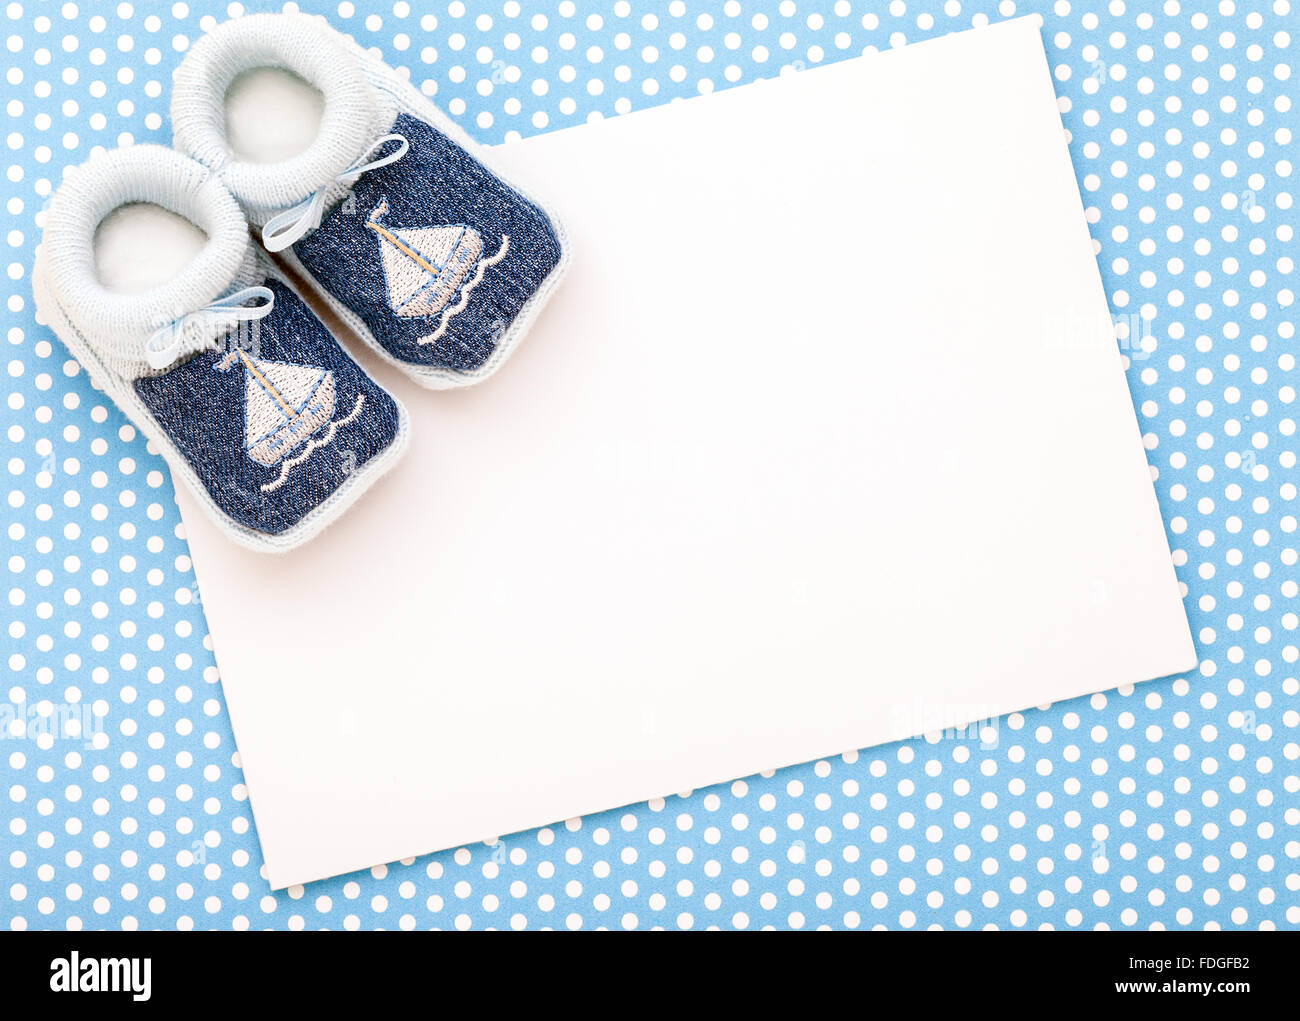 Announcement invitation card with baby shoes on polka dot background. Stock Photo
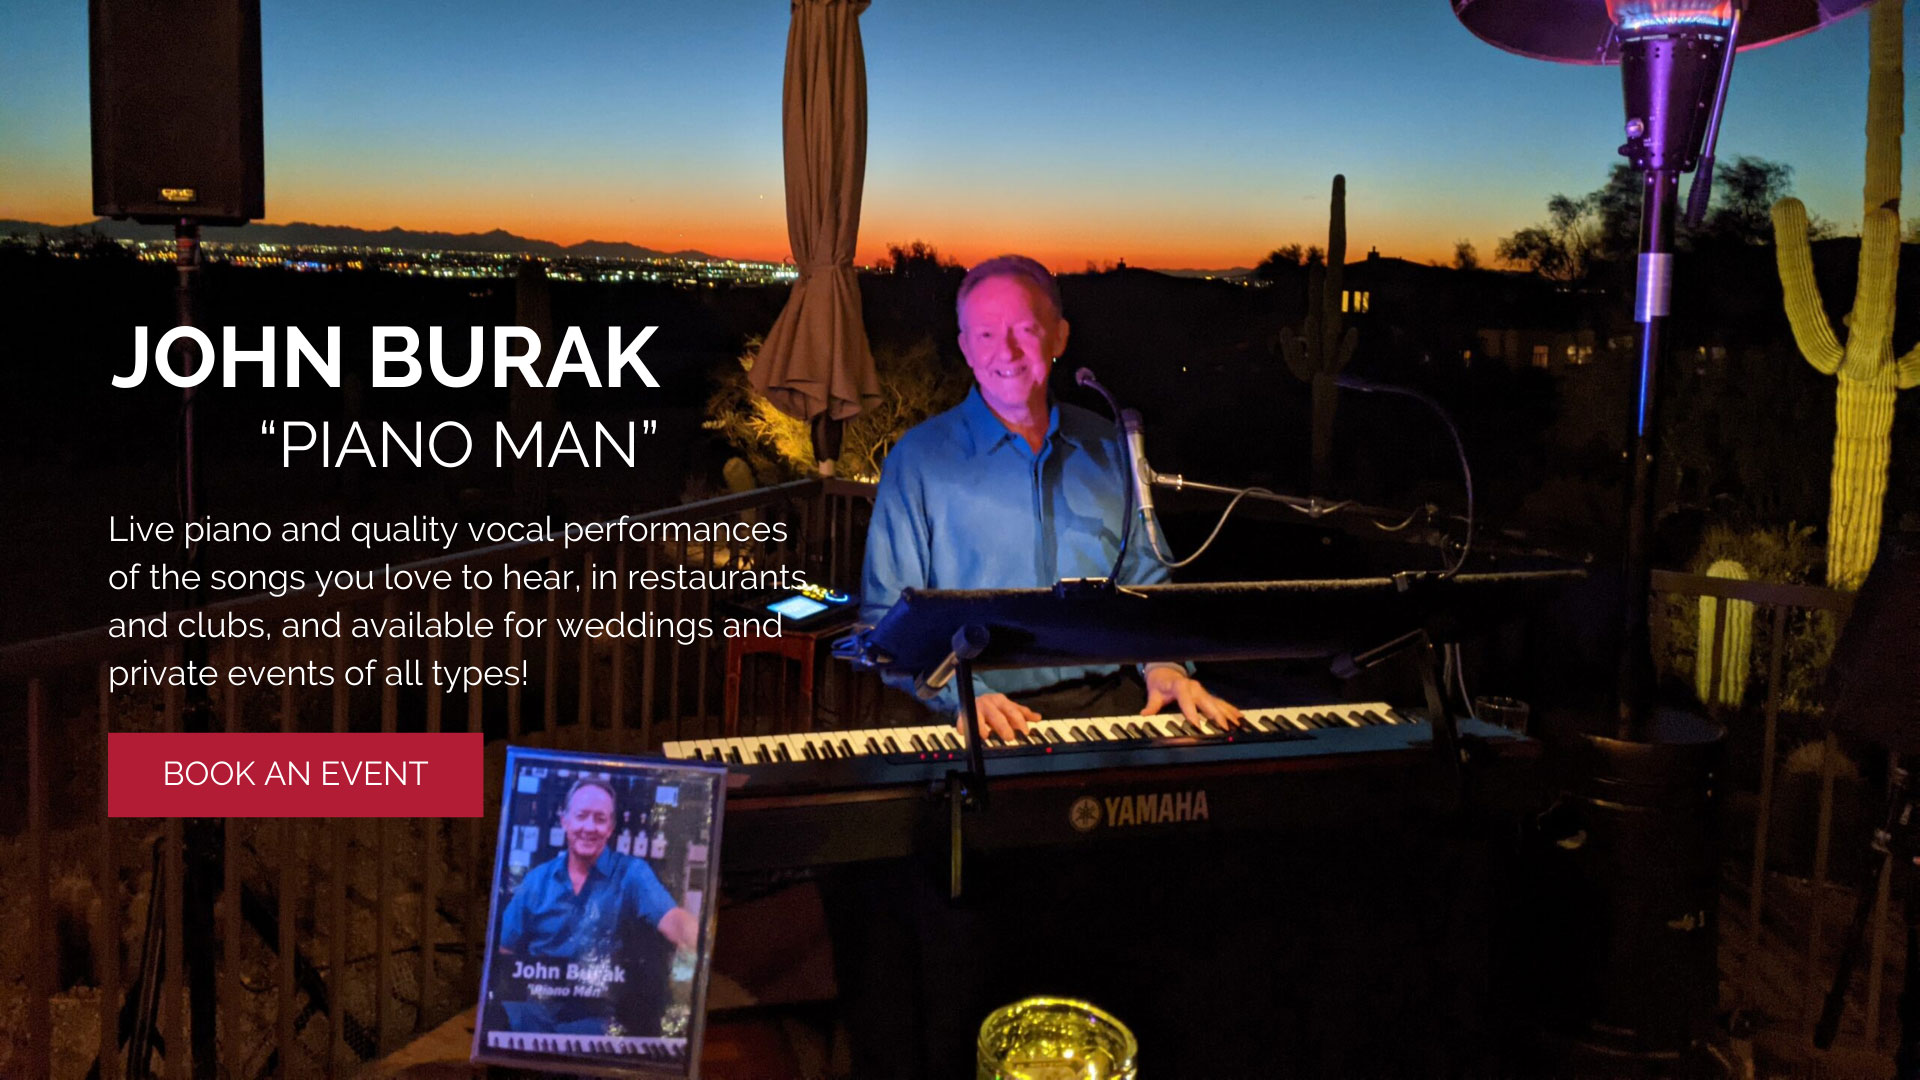 JOHN-BURAK-PIANO-MAN-Live-piano-and-quality-vocal-performances-of-the-songs-you-love-to-hear-in-restaurants-and-clubs-and-available-for-weddings-and-private-events-of-all-types
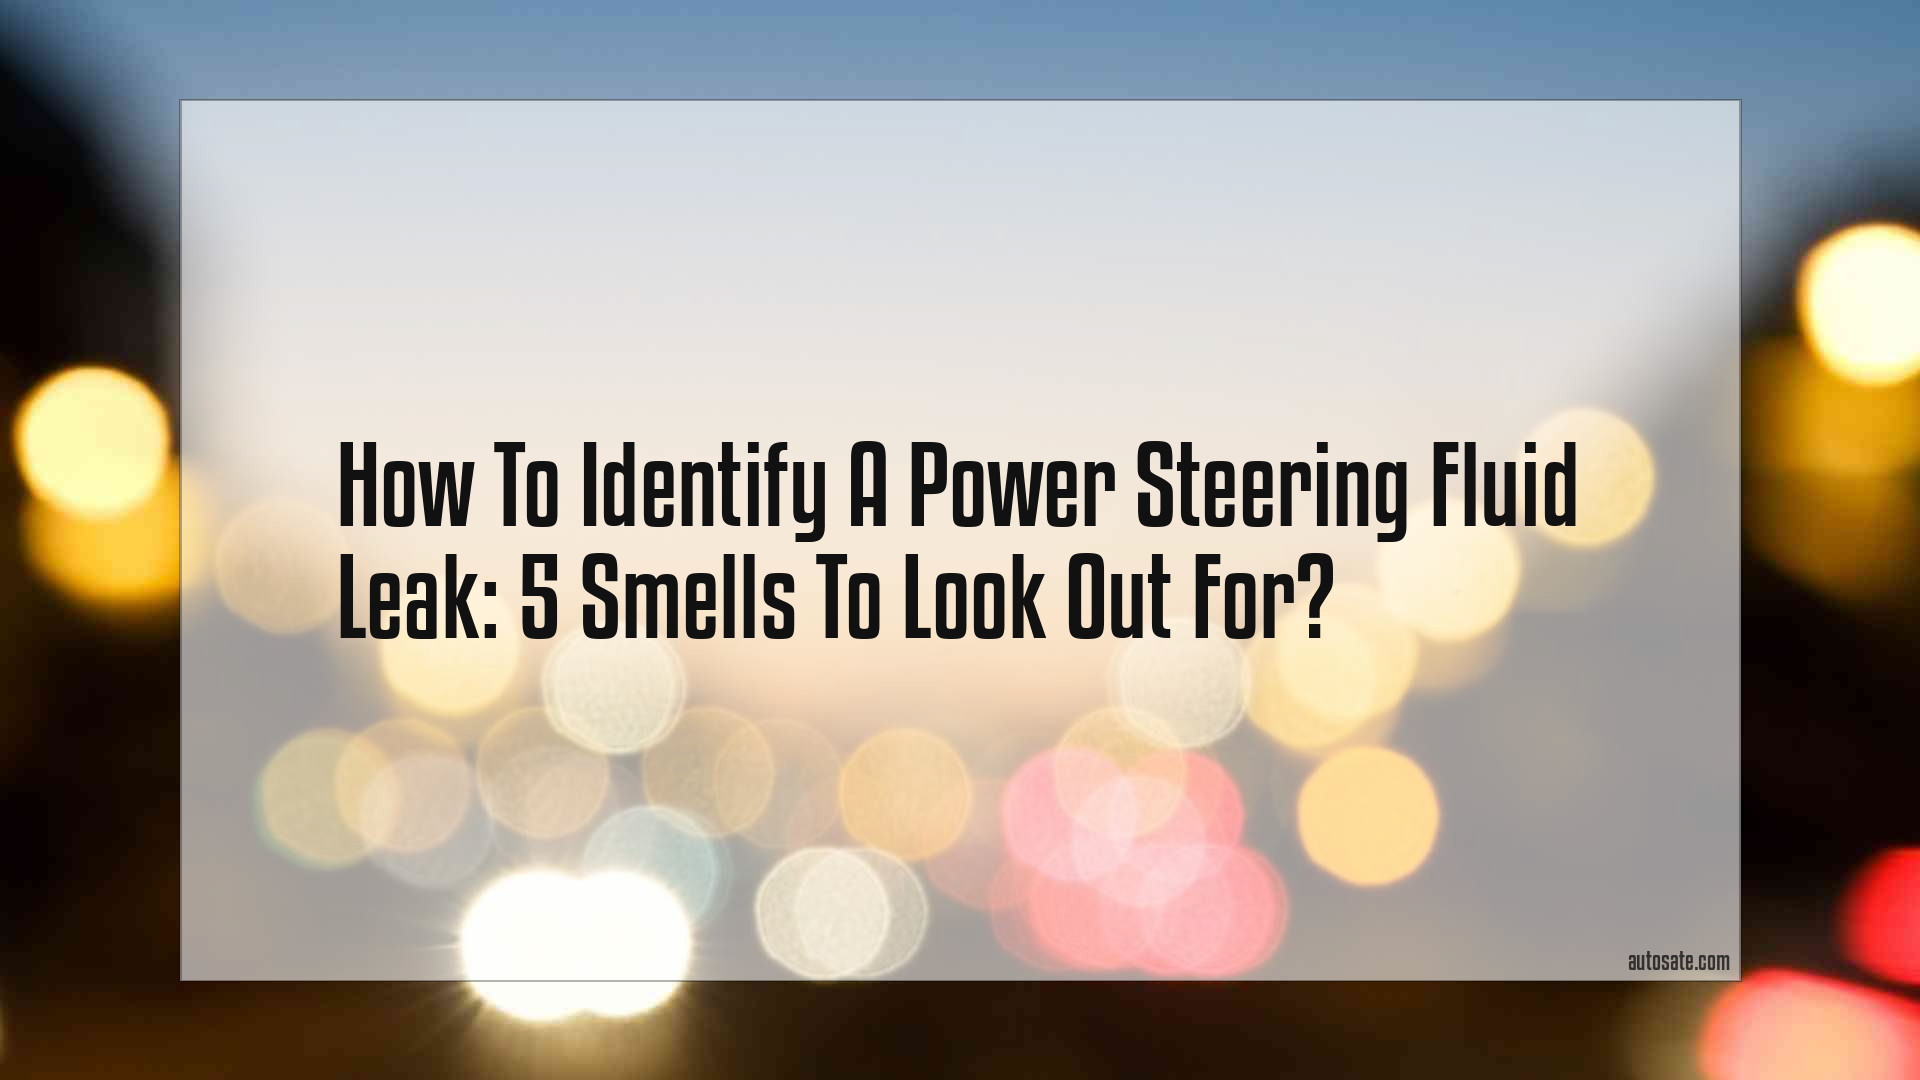 How To Identify A Power Steering Fluid Leak: 5 Smells To Look Out For
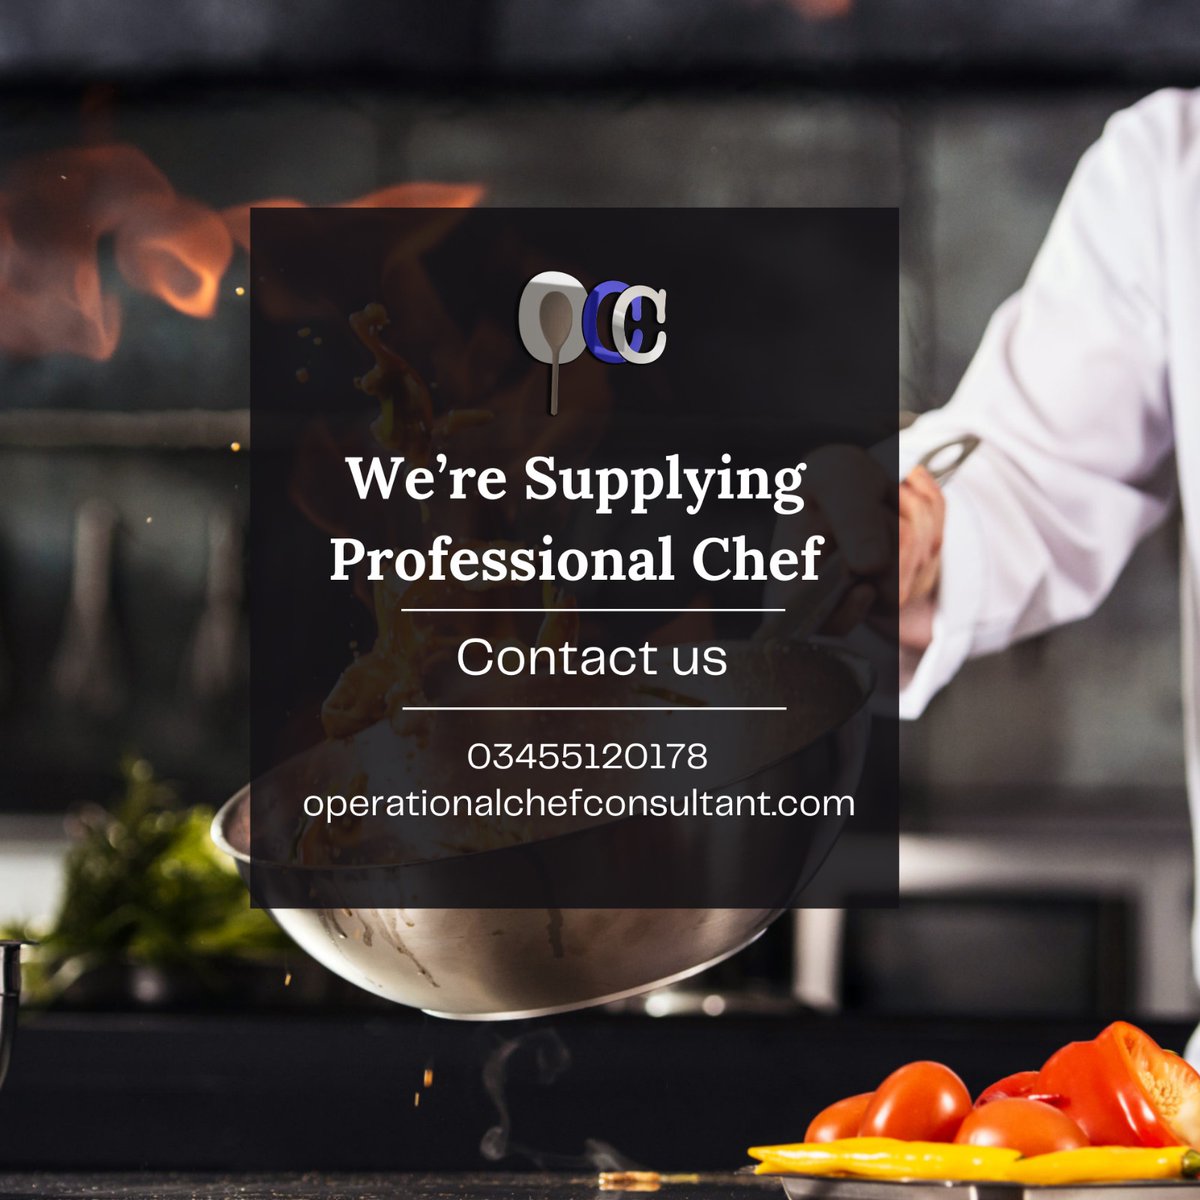 Experience culinary excellence with our team of professional chefs, delivering unparalleled taste and innovation.
*
Contact Us:
☎ 03455120178
🌐operationalchefconsultant.com
*
#ChefSuppliers #GourmetCuisine #CulinaryExperts #ChefLife #TasteMasters

------------

Would you please retype the material above exactly and leave out each picture?

 Announcement invitation card with baby shoes on polka dot background. Stock Photo
 JOHN-BURAK-PIANO-MAN-Live-piano-and-quality-vocal-performances-of-the-songs-you-love-to-hear-in-restaurants-and-clubs-and-available-for-weddings-and-private-events-of-all-types
 How To Identify A Power Steering Fluid Leak: 5 Smells To Look Out For
 Experience culinary excellence with our team of professional chefs, delivering unparalleled taste and innovation.
*
Contact Us:
☎ 03455120178
🌐operationalchefconsultant.com
*
#ChefSuppliers #GourmetCuisine #CulinaryExperts #ChefLife #TasteMasters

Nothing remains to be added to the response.